The Complete Amelia Butterworth Mystery Series
Page 27
At ten o’clock I stole away from the library and the delightful company of Mr. Stone, who had insisted upon sharing my labors, and went up to Miss Oliver’s room. I met the nurse at the door.
“You want to see her,” said she. “She’s asleep, but does not rest very easily. I don’t think I ever saw so pitiful a case. She moans continually, but not with physical pain. Yet she seems to have courage too; for now and then she starts up with a loud cry. Listen.”
I did so, and this is what I heard:
“I do not want to live; doctor, I do not want to live; why do you try to make me better?”
“That is what she is saying all the time. Sad, isn’t it?”
I acknowledged it to be so, but at the same time wondered if the girl were not right in wishing for death as a relief from her troubles.
Early the next morning I inquired at her door again. Miss Oliver was better. Her fever had left her, and she wore a more natural look than at any time since I had seen her. But it was not an untroubled one, and it was with difficulty I met her eyes when she asked if they were coming for her that day, and if she could see Miss Althorpe before she left. As she was not yet able to leave her bed I could easily answer her first question, but I knew too little of Mr.
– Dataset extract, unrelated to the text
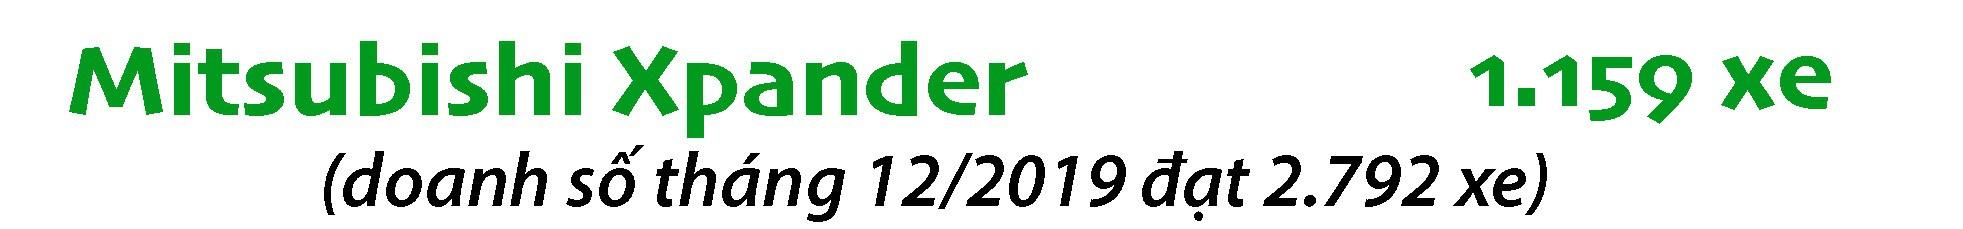 Phân khúc MPV tháng 1/2020: Toyota Innova bị Mitsubishi Xpander bỏ xa - 3

Gryce’s intentions to be able to reply to the second. But I was easy with this suffering woman, very easy, more easy than I ever supposed I could be with any one so intimately associated with crime.
She seemed to accept my explanations as readily as she already had my presence, and I was struck again with surprise as I considered that my name had never aroused in her the least emotion.
“Miss Althorpe has been so good to me I should like to thank her; from my despairing heart, I should like to thank her,” she said to me as I stood by her side before leaving. “Do you know”—she went on, catching me by the dress as I was turning away—“what kind of a man she is going to marry? She has such a loving heart, and marriage is such a fearful risk.”
“Fearful?” I repeated.
“Is it not fearful? To give one’s whole soul to a man and be met by—I must not talk of it; I must not think of it—But is he a good man? Does he love Miss Althorpe? Will she be happy? I have no right to ask, perhaps, but my gratitude towards her is such that I wish her every joy and pleasure.”
“Miss Althorpe has chosen well,” I rejoined. “Mr. Stone is a man in ten thousand.”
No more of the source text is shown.